# pls tell me ur experince about the patry program at Le Cordon Bleu Ottawa



## nausheen (Aug 16, 2011)

i am starting my basic patisserie program at Le cordon Bleu from Oct 12. anybody who has done this program pls tell me their experinces. i am getting mixed reviews from people about the program and now i am quite confused as if i did the correct decision or not.

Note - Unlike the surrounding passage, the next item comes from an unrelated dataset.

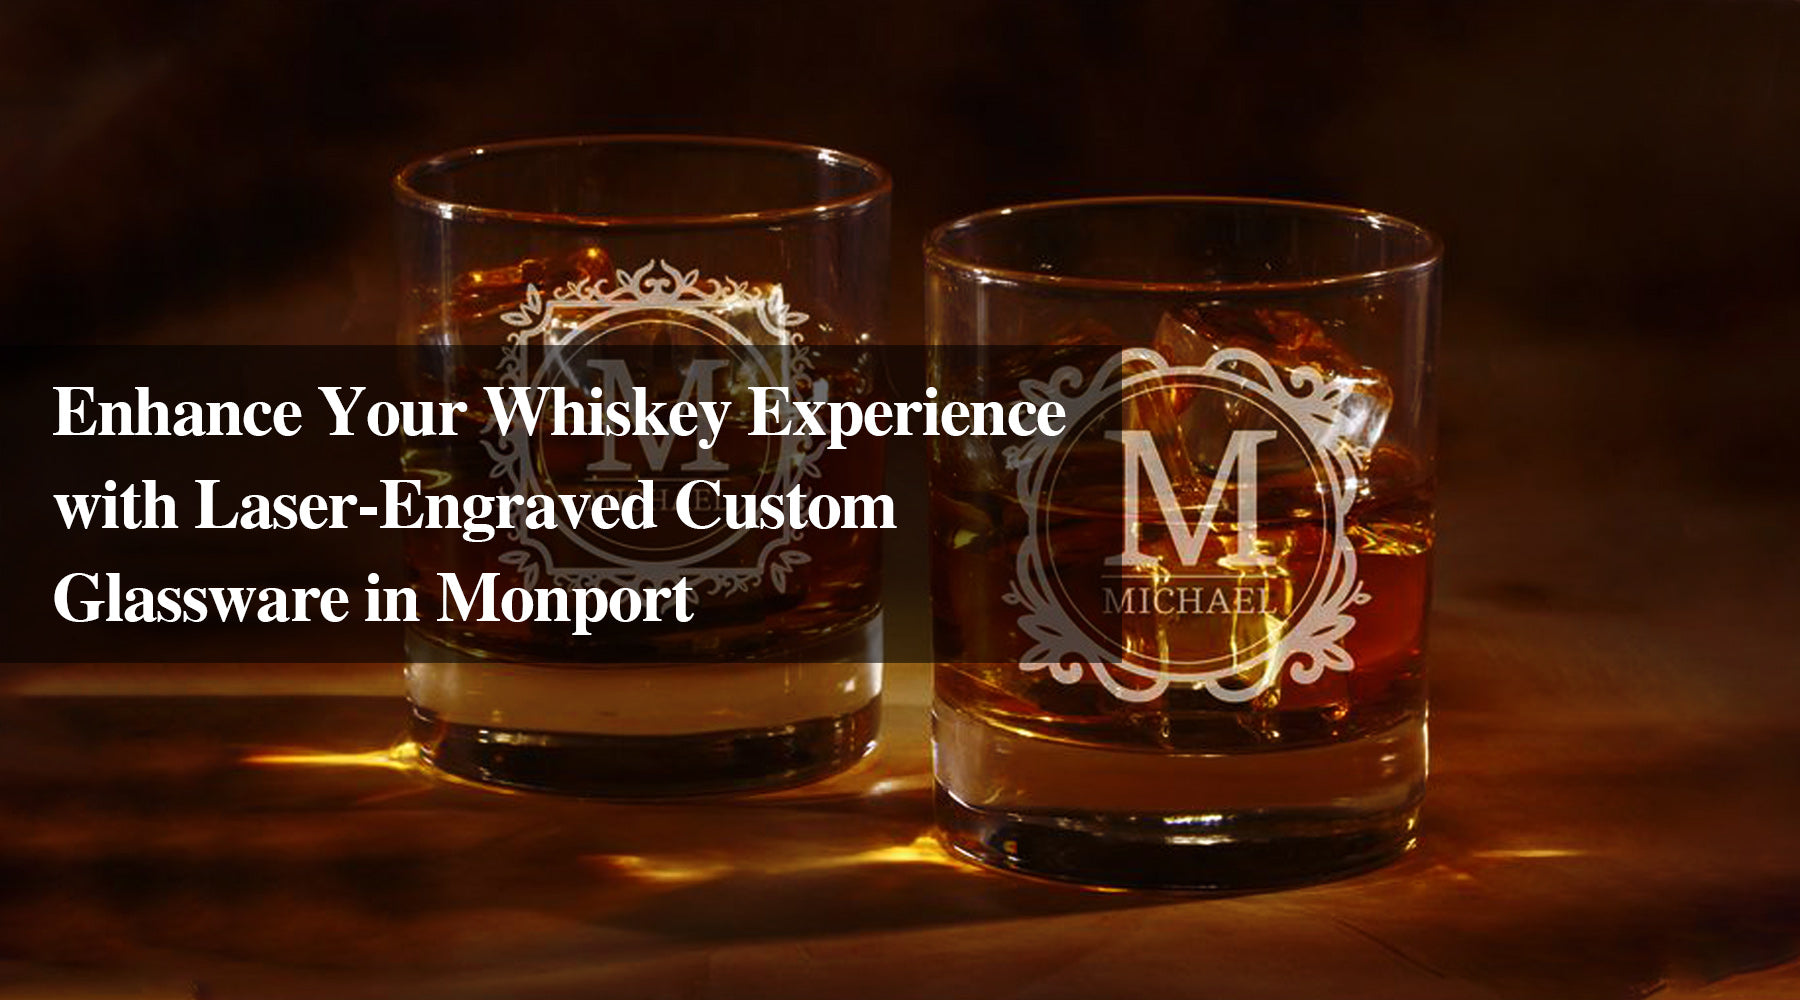 Enhance Your Whiskey Experience with Laser Engraved Custom Glassware in Monport

Anybody who has any knowledge about the course please let me know, about the course, teacher and assignments there.


----------



## arizonaone (Sep 30, 2011)

Hi Nausheen.

I had visited Le Cordon Bleu in Orlando for their Baking and Pastry program.  I was not very impressed for various reasons and did not get a "warm and fuzzy" feeling throughout my tour.  I guess the main reason was that when I arrived and sat down with the admissions rep the very first thing he asked was whether I had any outstanding student loans from other schools and if they were in default.  Guess money really IS their driving factor.

Anyway, I decided to further research other baking programs in my area and came across the Notter School of Pastry Arts.  Excellent program (also in Orlando) and I enrolled in their 24 week  European Baking and Pastry Arts program..  I had to go to back to the school today to complete paperwork and had the opportunity to speak with a baking and pastry student who was just about ready to graduate.  He told me that he had gone to Le Cordon Bleu - for 3 months.  During that time the school had showed him demo videos of Chef Notter (who owns, runs and teaches at his school).  He was so blown away that he left LCB immediately and enrolled at Notter.  He still carries loans from LCB but didn't care because as he put it - everything he was taught at LCB he could have learned from the internet and he learned more by watching the Cake Boss.

He was less than impressed with LCB and said even if he did not find the Notter School he still would have left LCB.

BTW - while touring Notter I had the opportunity to meet and speak with Chef Notter as well as observe a class and him in action - designing chocolate.  Also, class sizes are small - no more than 16 students and usually there are less enrolled.

Don't know where you live but if you live in or near Orlando, I highly recommend visiting the school.

Hope this helps...............


----------



## baker boy100 (Jun 10, 2011)

BTW, LCB Orlando and LCB Ottawa are owned by two separate companies. LCB USA rents the name and the basic curriculum from the original LCB.


----------